In the months leading up to her June commencement, I told her my plans to carry on the mother-daughter bracelet tradition, and we window-shopped for designs and sizes. I explained to her the special meaning the bracelets held for Island women, and that when she went to the Mainland for college, how much more important it would become as a link to her home. And that, like a wedding band, once she put it on, it was never to come off (not just for sentimental reasons but for anti-theft security).
Finally the day came to order "our" bracelet. As we approached the shop she blurted, "Can I get something else? Only old ladies wear Hawaiian bracelets these days," she said.

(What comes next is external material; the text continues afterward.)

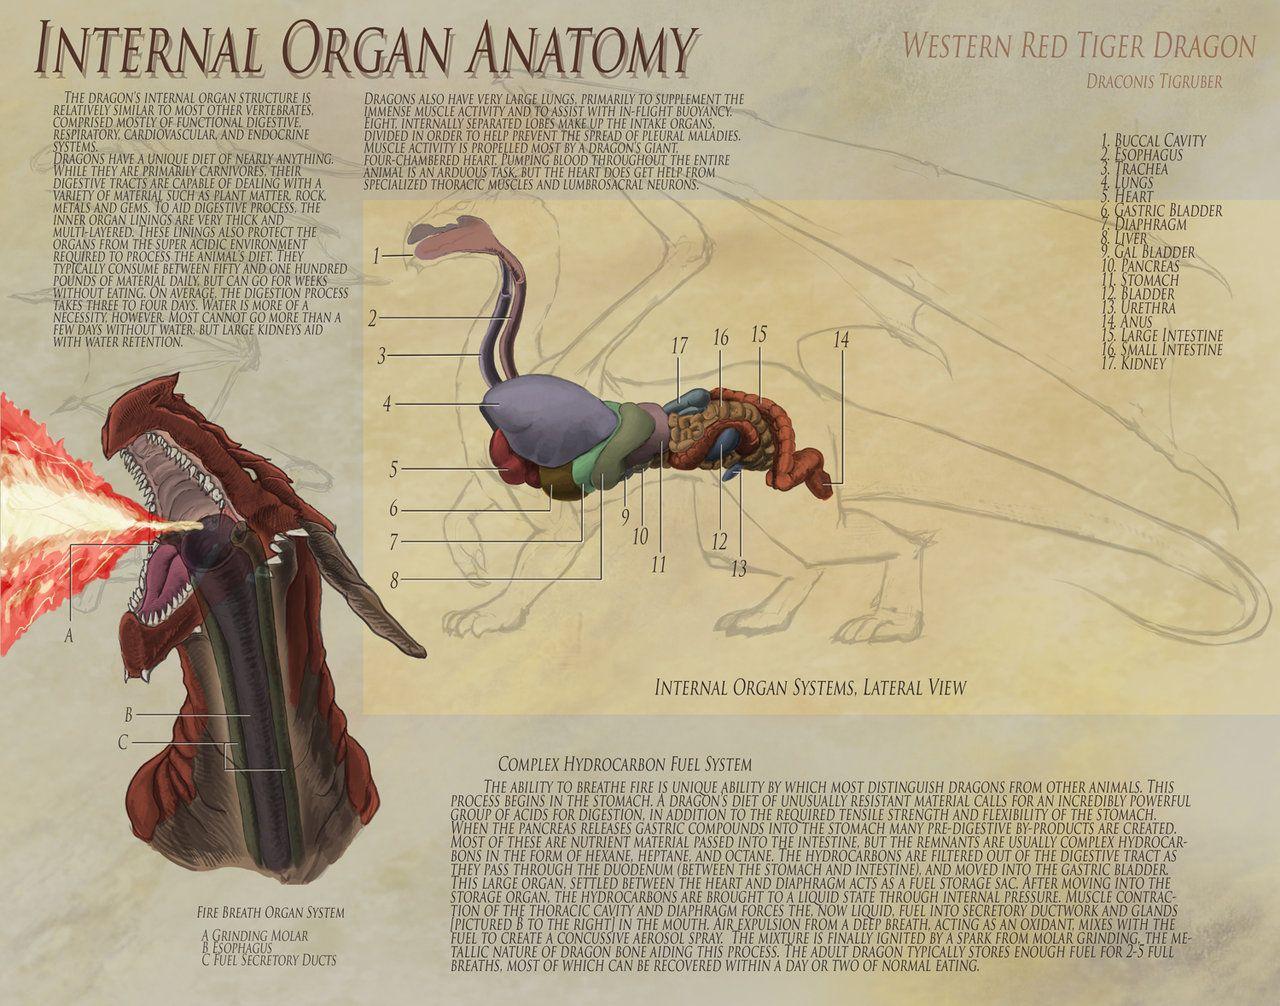 Dragon Anatomy - Organs by UberKudzu   bichxoS   Pinterest ...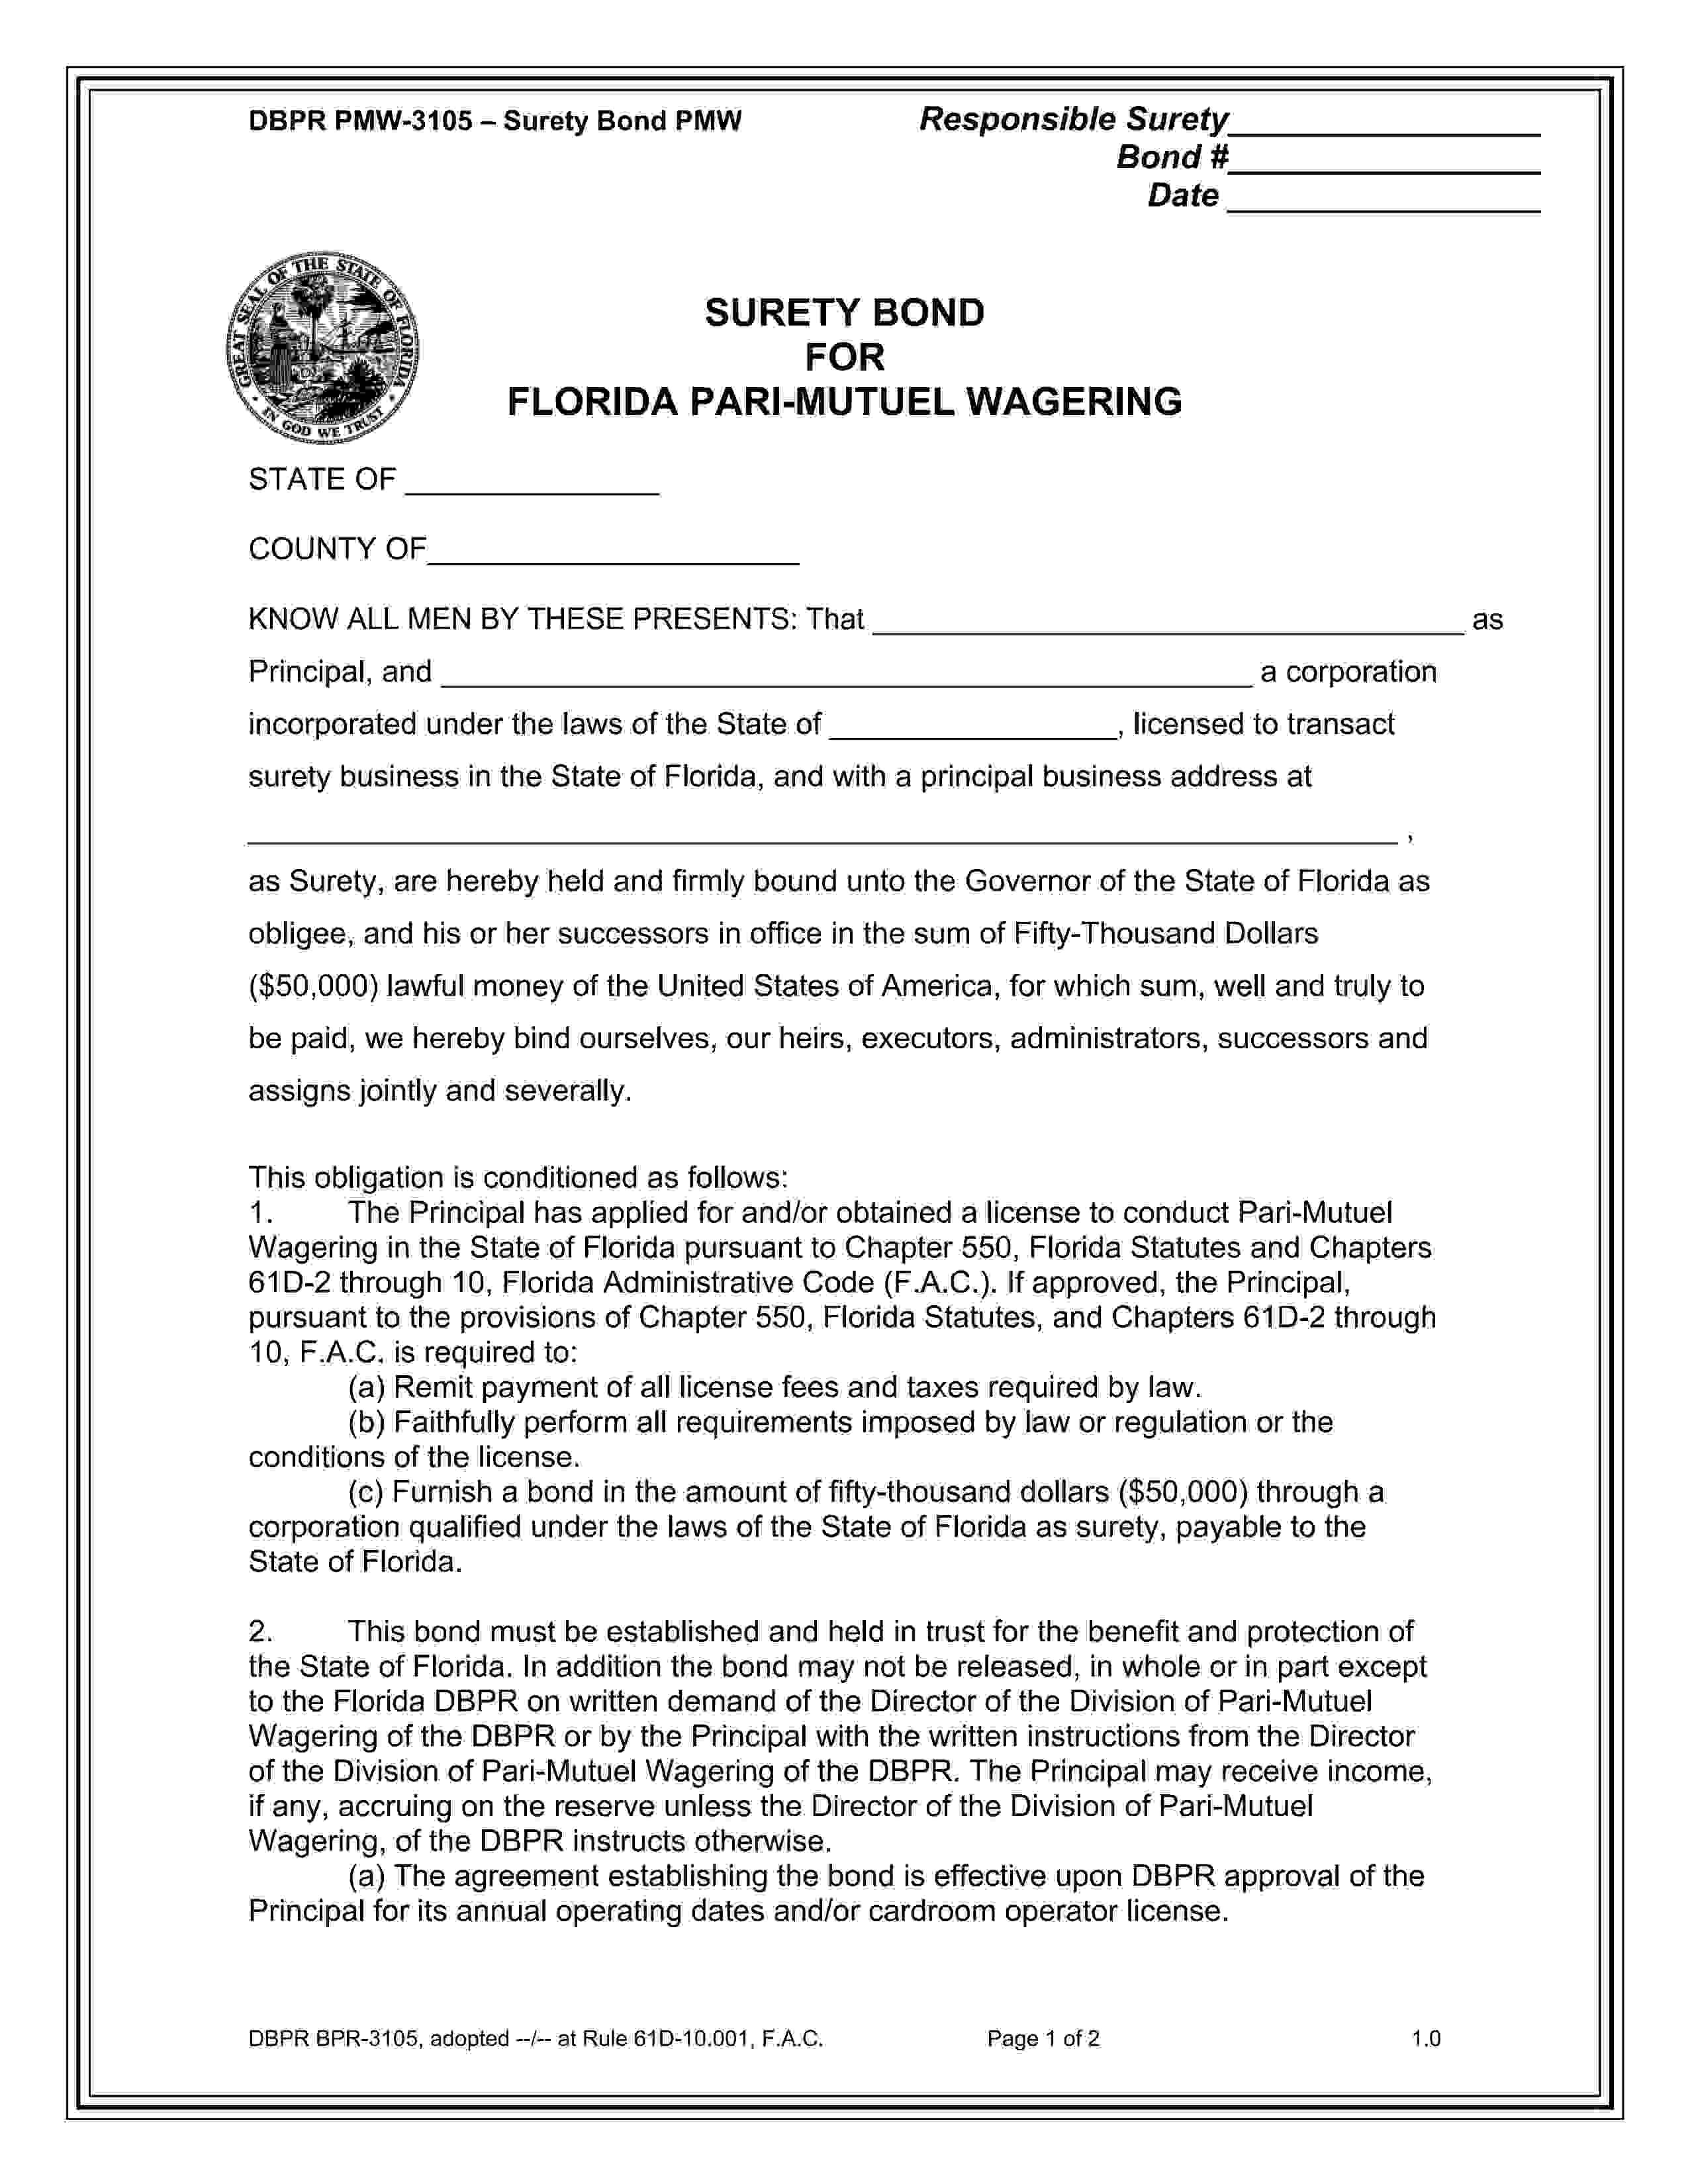 Florida Dbpr, Division Of Pari-Mutuel Wagering Pari-Mutuel Wagering Bond sample image

The "old ladies" remark didn't hurt as much as the fact that she didn't share my romanticized vision of what the highly personalized bracelets represent — a never-ending bond between mother and daughter.
Then I realized she had a point. None of her friends wear Hawaiian bracelets and the bangles have become rather common.
So off to Tiffany & Co. we went to purchase a necklace (she had already picked it out). It's a stylish contemporary design in sterling silver, wholly appropriate for a young woman of her age and taste. It was about a quarter of the cost of a Hawaiian bracelet, so that helped soothe some of the hurt.
As long as she remembers it was a graduation gift from her mother, it's all good.
Many young females aren't responsible enough to appreciate fine jewelry anyway. I long ago lost the diamond stud earrings my parents gave me when I graduated from college, and I haven't worn my late mother's gorgeous double strand of Japanese pearls in years.
And I'm ashamed to confess that due to my own negligence, a thief stole my cherished Hawaiian bracelet more than 20 years ago. I grieved for that bracelet for years. It was simply irreplaceable. It wasn't until 2000 that I could bring myself to buy an identical bracelet to commemorate a series of personal milestones. But it's not the same.
There's time enough for my daughter to come around, with college, wedding and babies still ahead. In the meantime, I think I'll wear those pearls to her graduation.